GOP congressman dismisses report on Russian request.
WASHINGTON — Yes, the Russian government asked Rep. Dana Rohrabacher to push back against sanctions on Russians, and he doesn’t see what the big deal is.
Rohrabacher (R-Costa Mesa) dismissed fresh reports Wednesday detailing how the Russian government asked him to change his colleagues’ opinions about Russian sanctions as a “nothing burger trying to distract the American people from real issues.”
Many of the details in a Daily Beast article published Wednesday had been previously reported in a lengthy Politico article in November. The Politico story gave Rohrabacher, who has long been known for encouraging improved Russian relations, the nickname “Putin’s favorite congressman.”
But the story is getting new life amid an investigation into Russian meddling in the 2016 election and the effort’s potential ties to the Trump campaign. And it’s a pretty complicated story.
Rohrabacher has had multiple interactions with several of the people with Russian ties who attended a Trump Tower meeting with Trump’s eldest son, Donald Trump Jr., and other campaign officials in June 2016.
About the same time as the Trump Tower meeting, two of the attendees were working with Rohrabacher to remove Russian lawyer Sergei Magnitsky’s name from an anti-corruption law opposed by the Russian government.
Magnitsky was a whistleblower who alleged officials in Russian President Vladimir Putin’s government stole $230 million. He died in prison under suspicious circumstances, and the act named after him banned officials accused of involvement in his death from visiting the U.S. and using American banks. In response, Putin banned adoptions of Russian children by Americans. People with connections to the Russian government have been lobbying against the Magnitsky Act ever since.
During a trip to Russia in April 2016 and amid discussions in Congress about expanding the act, Rohrabacher received a document outlining the Russian government’s case against it.
“Changing attitudes to the Magnitsky story in the Congress ... could have a very favorable response from the Russian side,” the document said, according to the Daily Beast.

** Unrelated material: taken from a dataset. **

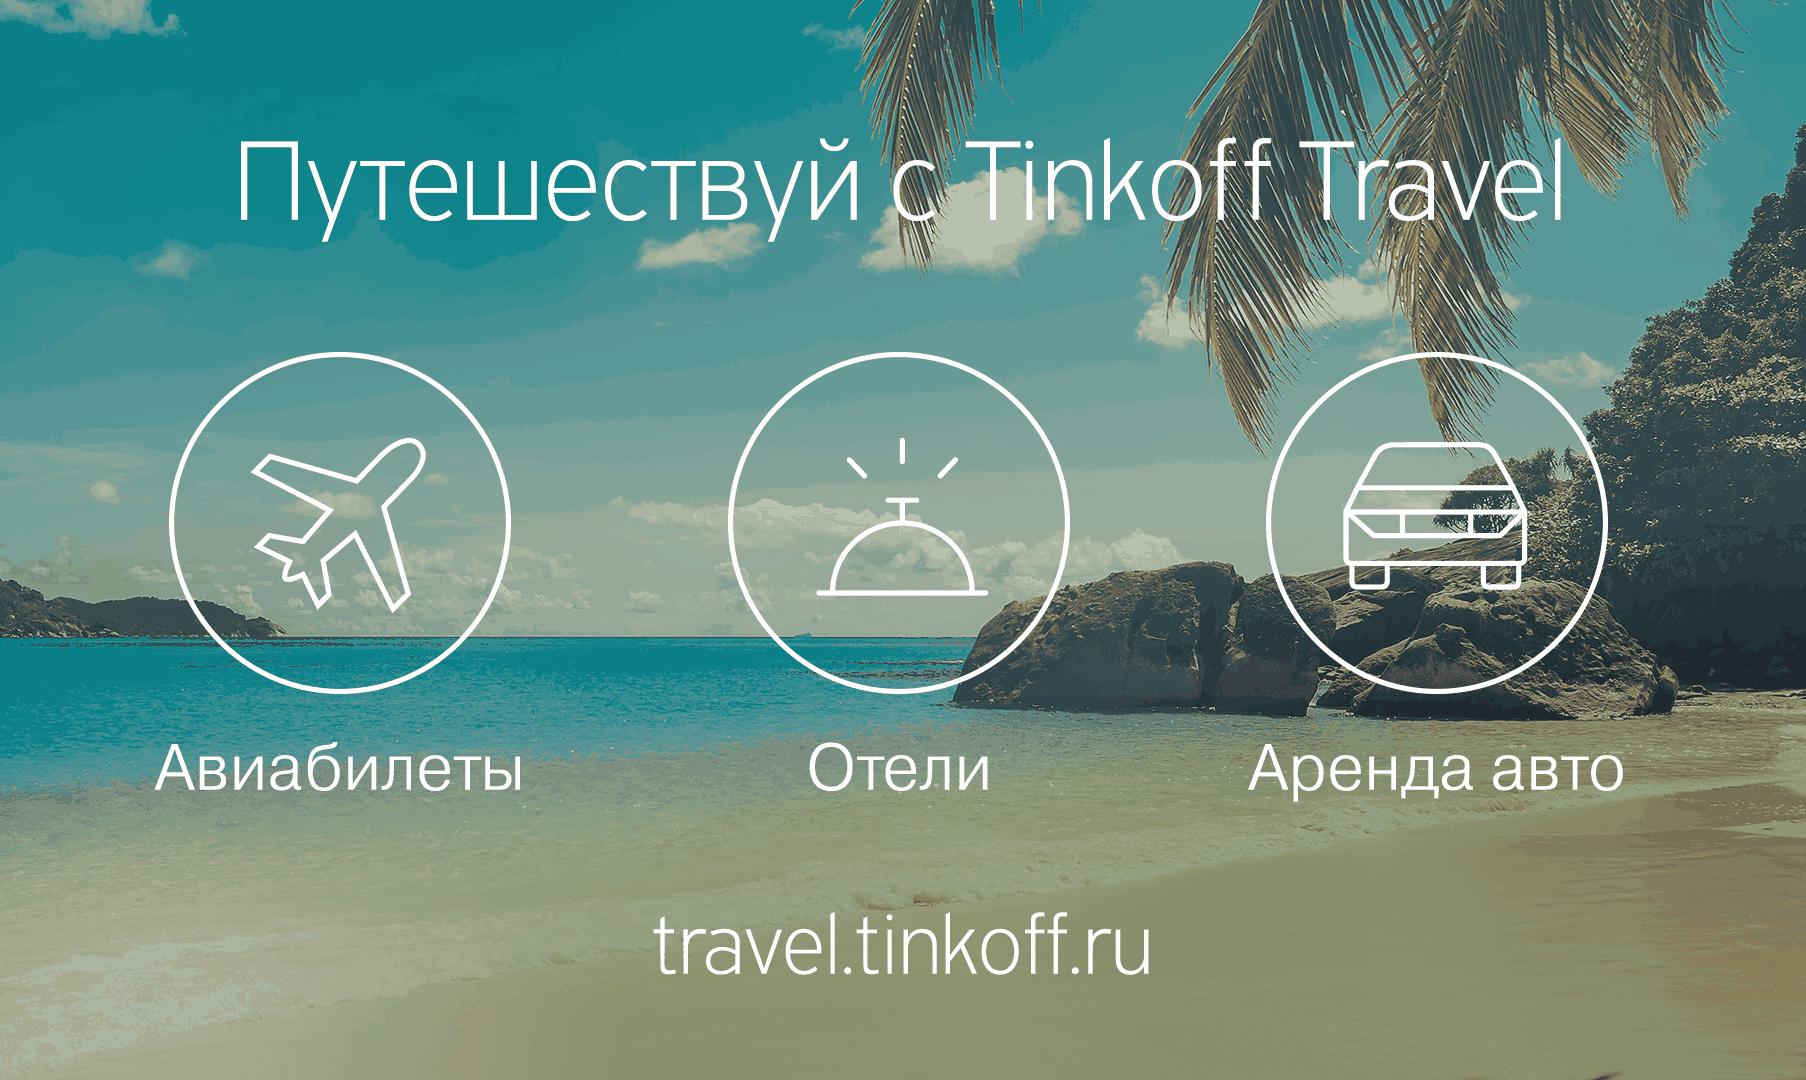 Туристический сервис банка Тинькофф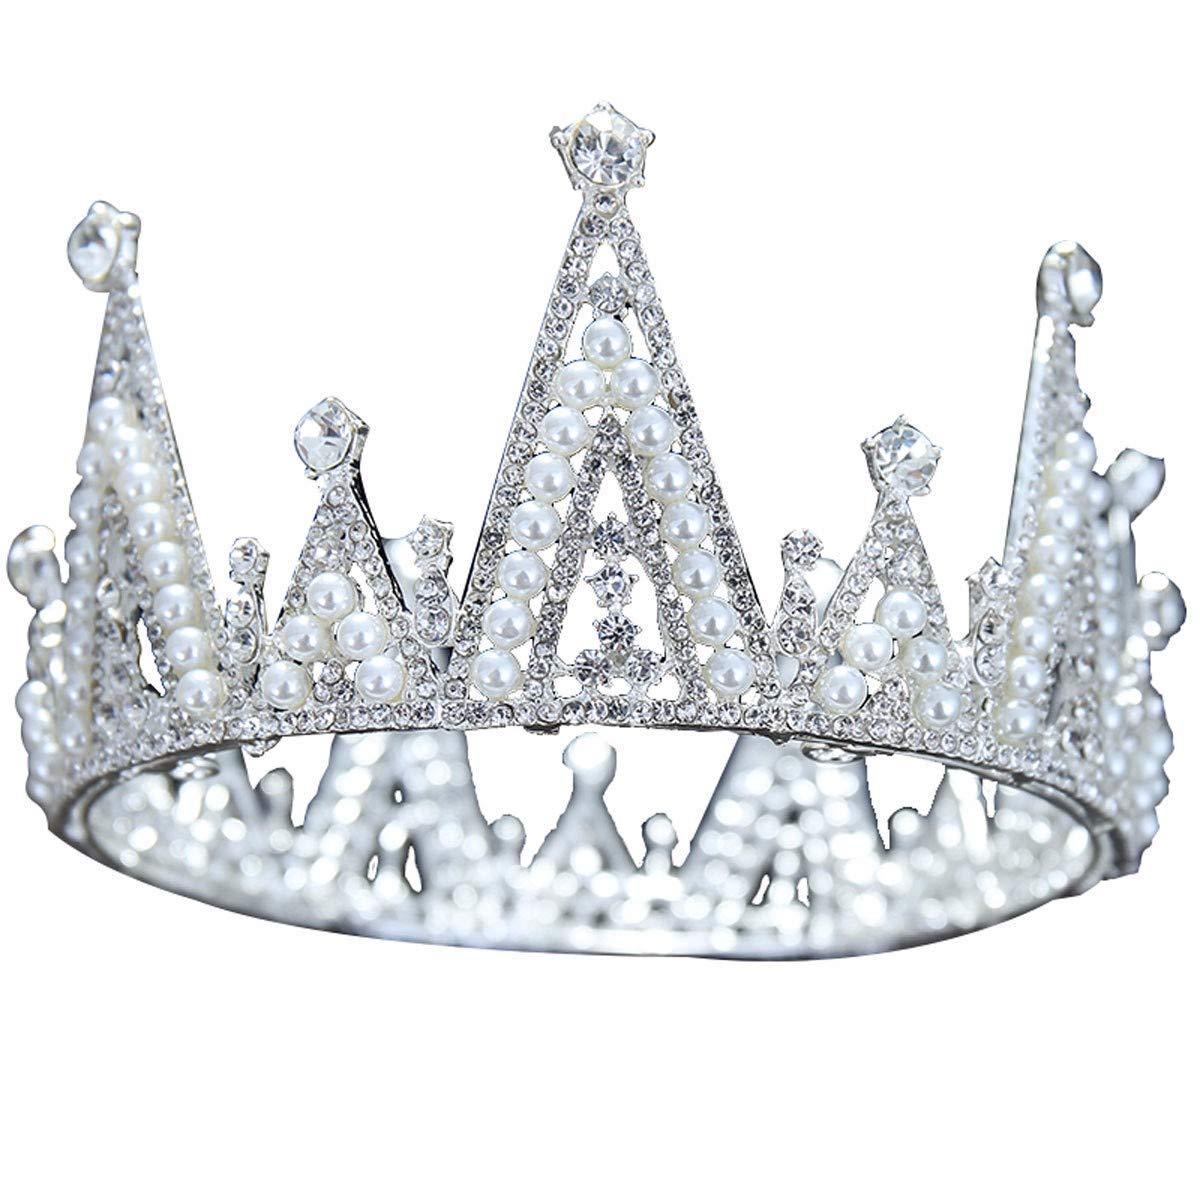 Wedding Crown, Beautiful headdress/Bridal Baroque Crystal Queen Crown Wedding Headwear Photo Studio Wedding Dress Pearl Jewelry by Junson (Image #1)

Months later, Rohrabacher tried to hold a subcommittee hearing to discuss the act and challenge the assertions that led to the sanctions, but he was waylaid by Foreign Affairs Committee Chairman Ed Royce (R-Fullerton), who instead arranged for the full committee to discuss it. At the hearing, Rohrabacher expressed skepticism about the expanded Magnitsky Act and advocated for removing Magnitsky’s name from it.
Rohrabacher, who has previously said he accepted Russian documents on the case during the spring 2016 trip, acknowledged it again Wednesday in an interview.
“The criminal justice department in Moscow had done a study of the Magnitsky case and had investigated it, and I was asked if I would look at it, and I said sure,” said Rohrabacher, who is chairman of the House Foreign Affairs Subcommittee on Europe, Eurasia and Emerging Threats. “I’m the chairman of the subcommittee that’s supposed to focus on Russia. It’s absolutely appropriate, and I think anybody that doesn’t spend that time focusing on their responsibility is derelict in their duty.”
Rohrabacher said he’s gotten similar documents from other countries’ governments when they want something from Congress.
“Whenever there is some controversy, you get information from those people all the time; whatever government you are talking to has all the information you need right here to prove their case,” Rohrabacher said.
Rohrabacher had scheduled a similar trip to Moscow to meet with the Russian parliament this spring, but he said Wednesday that he didn’t end up going because he was worried the current focus on Russia would make it difficult to have serious conversations with Russian officials.
“In the middle of a chaotic, public brouhaha, you’re not going to be able to get the serious job done that you need to get done,” he said.